Pro Wrestling League
- Sport: Wrestling
- First season: 2015
- Administrator: Wrestling Federation of India
- No. of teams: 6
- Country: India
- Most recent champion: Haryana Thunders (2026)
- Most titles: Punjab Royals (2 titles)
- Broadcaster: Sony Sports Network
- Streaming partner: Sony LIV
- Website: www.thepwlindia.com

= Pro Wrestling League =

Professional wrestling league in India

The Pro Wrestling League (PWL) is a wrestling league based in India. It was launched in 2015 by the Wrestling Federation of India.

== Format ==
The Pro Wrestling League includes six franchises, which represent cities throughout India. The teams are formed via auction.

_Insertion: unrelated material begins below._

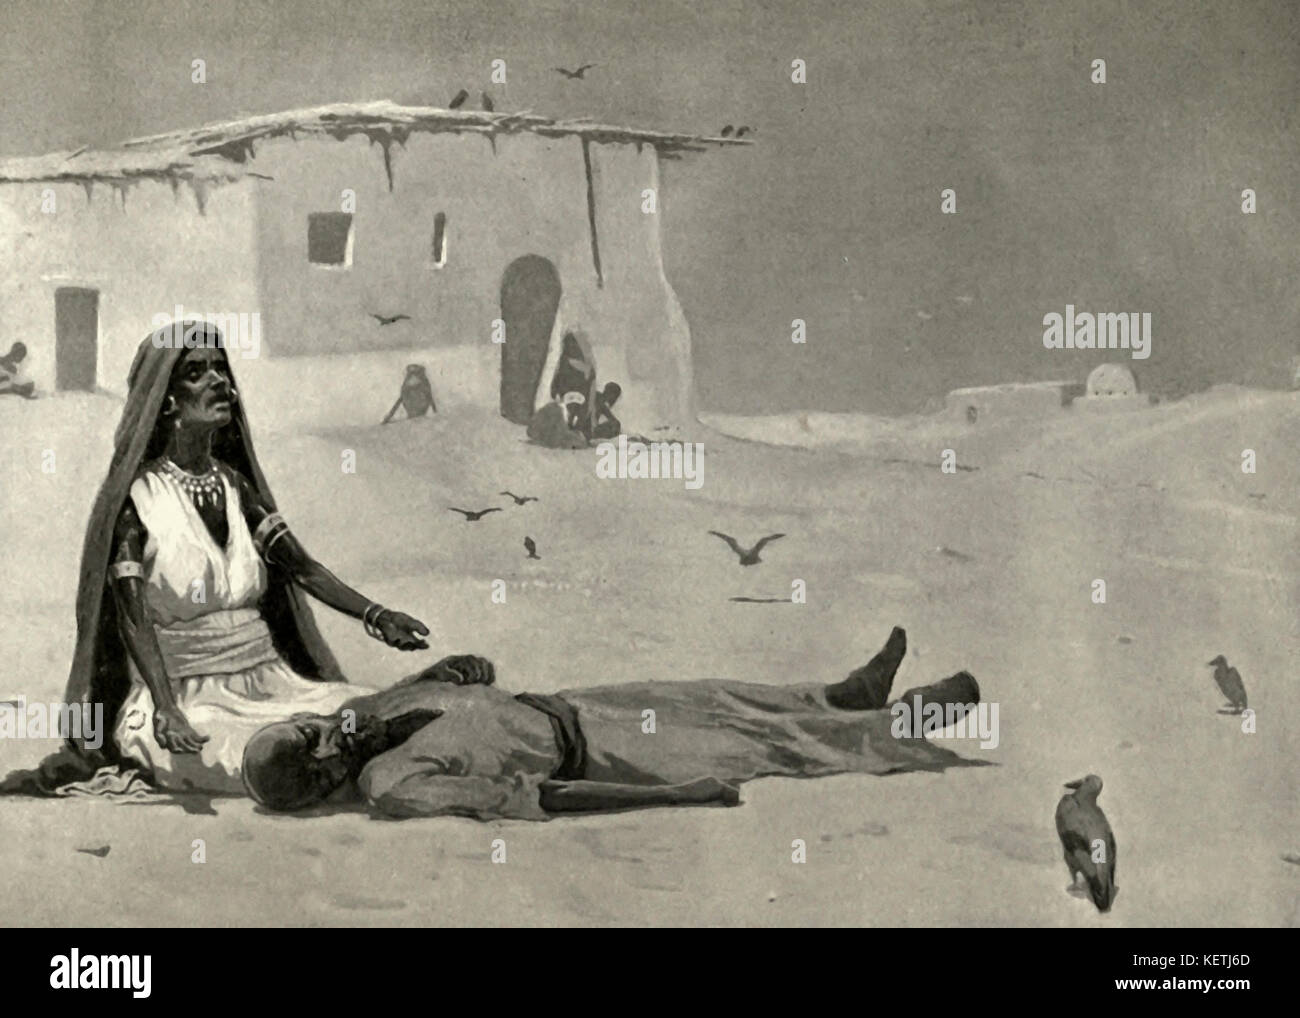 Famine Stricken in Sudan, circa 1880 Stock Photo
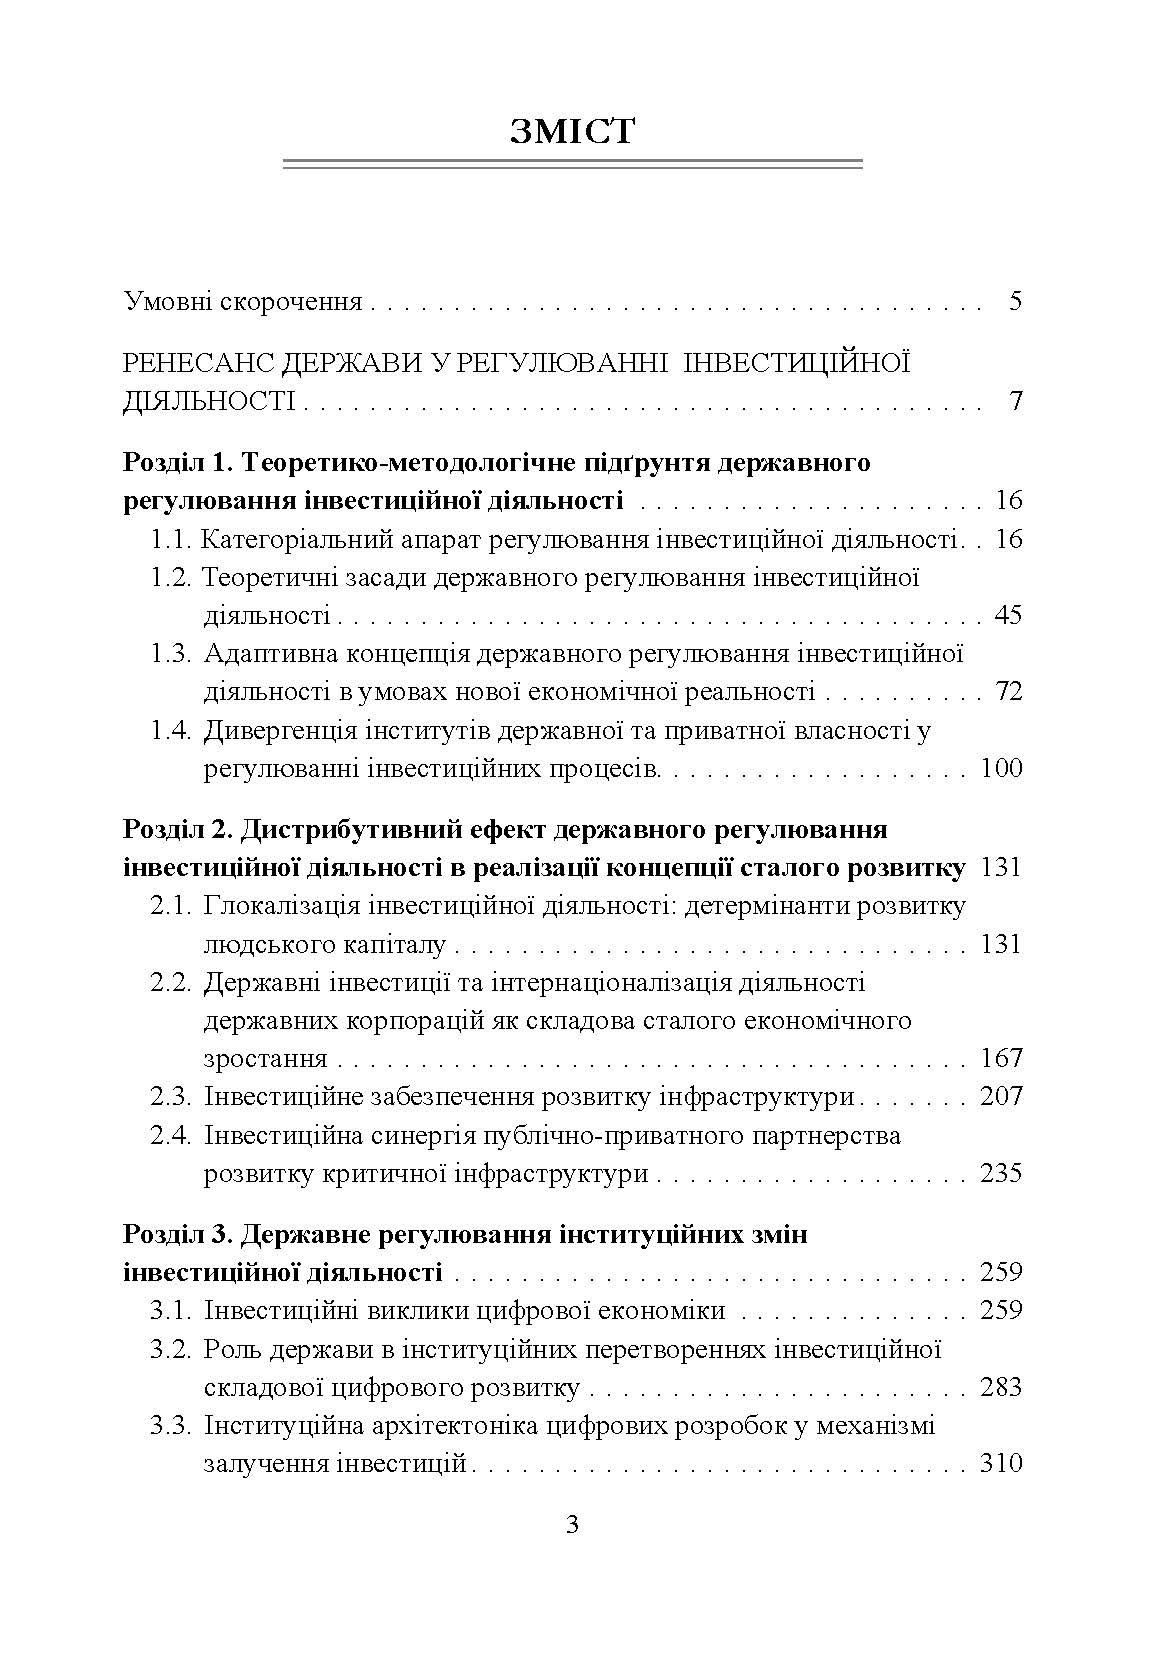 Державне регулювання інвестиційної діяльності (2020 год)). Автор — Корнєєва Ю.В..

The league adheres to United World Wrestling rules for all weight categories. All the seasons so far of PWL hosted six teams, each consisting of 9 players. During the group stage all the team meet each other once. While the top after group stages qualifies to the playoffs.
During group stages out of 9 weight categories 7 category bouts are held, the teams gets to block any one category bouts they want, they have to play all bouts even if they win the match before the last bout. During the playoffs all the 9 category bouts are held and a team wins a match when it wins 5 bouts.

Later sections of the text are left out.